Unit Operations: An Approach to Video Game Criticism. By Ian Bogost. MIT Press. $35.
More than half a century ago, the brilliant parodist of classical music, Anna Russell, noted that discussions of Wagner’s “Ring” cycle were frequently presented “by great experts for the edification of other great experts.”
One has somewhat the same feeling about Unit Operations, in which Ian Bogost – assistant professor of literature, communication, and culture at Georgia Institute of Technology – presents a learned, carefully argued study of the principles of video games and how they relate to the principles of literary theory…in language designed to be inaccessible to all but the cognoscenti.

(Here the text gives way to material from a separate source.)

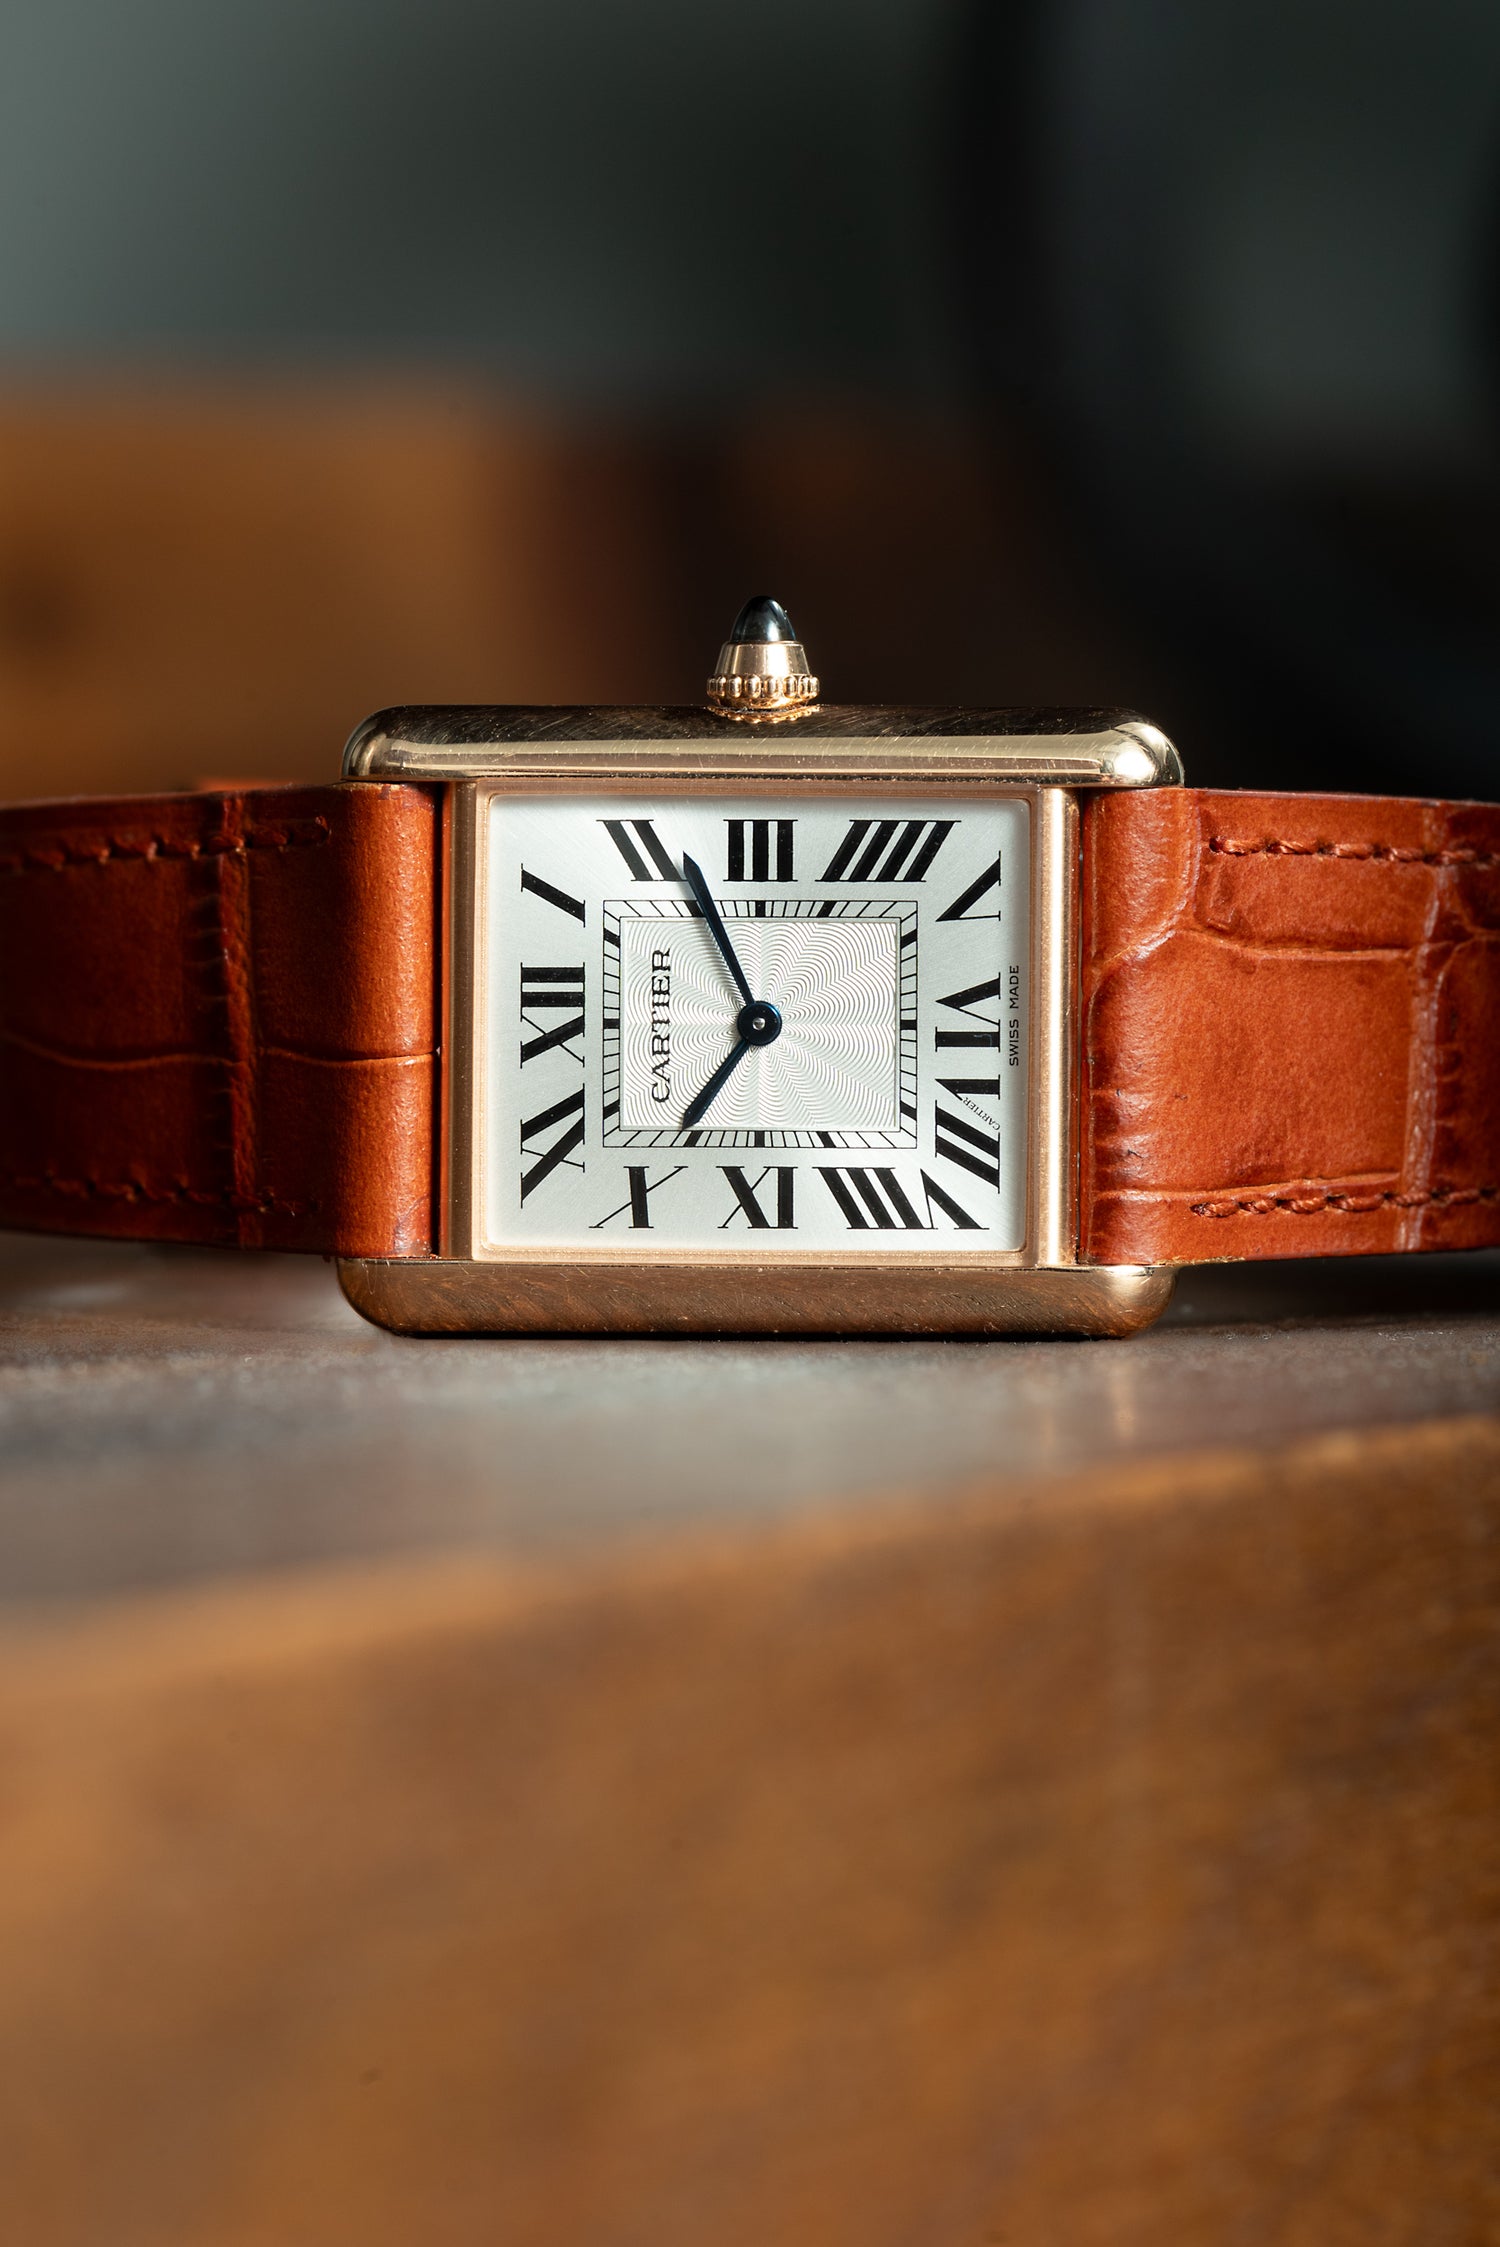 Cartier Tank Louis Cartier Watch

Thus, he writes that “the relational meaning between the two games Pong and Tank, for example, as person-to-person combat simulators, aggression-release devices, or pub traffic generators, is materially bound to the common logical structure of the works themselves.” And he states, “’Ludology vs. Narratology’ may be a nice shorthand for the tension between rule-based systems and story-based systems… Ludology has been characterized by its coverage of the unique features of games, and narratology in the traditional sense of the word is the study of narratives across media, including oral and written language, gestures, and music. Interestingly, this variety of narratology is much more similar to ludology than its detractors may acknowledge.”
Bogost’s entire book is written this way; it is clearly of the academy, by the academy and for the academy. And this is a bit of a shame, because the world of video games – and their relationship to other forms of entertainment and learning in the modern world – cries out for criticism that can bring the abstruse language of computers and the equally abstruse language of literary criticism into the same arena, and preferably down to earth. Bogost has no interest in doing this. He does, however, have an interesting central idea: any medium, he says, consists of interlocking units of meaning, and in this sense all media have analogous construction and all can be discussed using analogous terminology.
This is intriguing, but Bogost does not pursue the thought into the everyday realm, where he appears not to be comfortable. His highly technical analyses of everything from the philosophies of Plato and McLuhan to the early games Pong and Half-Life to the more recent Grand Theft Auto series to Joyce’s Ulysses are undermined rather than elucidated by his consistent choice of language whose meaning can be extricated only with difficulty: “The truly componentized, unit-operational game engines of modern games only further accentuate this merger of functionalism and materialism.” Bogost is far from unique in his preference for academic style over writing that communicates more clearly: his concern lies at a theoretical level where he seeks to win over other theorists, not everyday readers. But as video games become even more prevalent in everyday life, it will become that much more important to develop a critical theory encompassing them and other forms of communication-cum-entertainment (such as books and films) in language that clarifies rather than obfuscates. Bogost’s thinking is far clearer than his expression.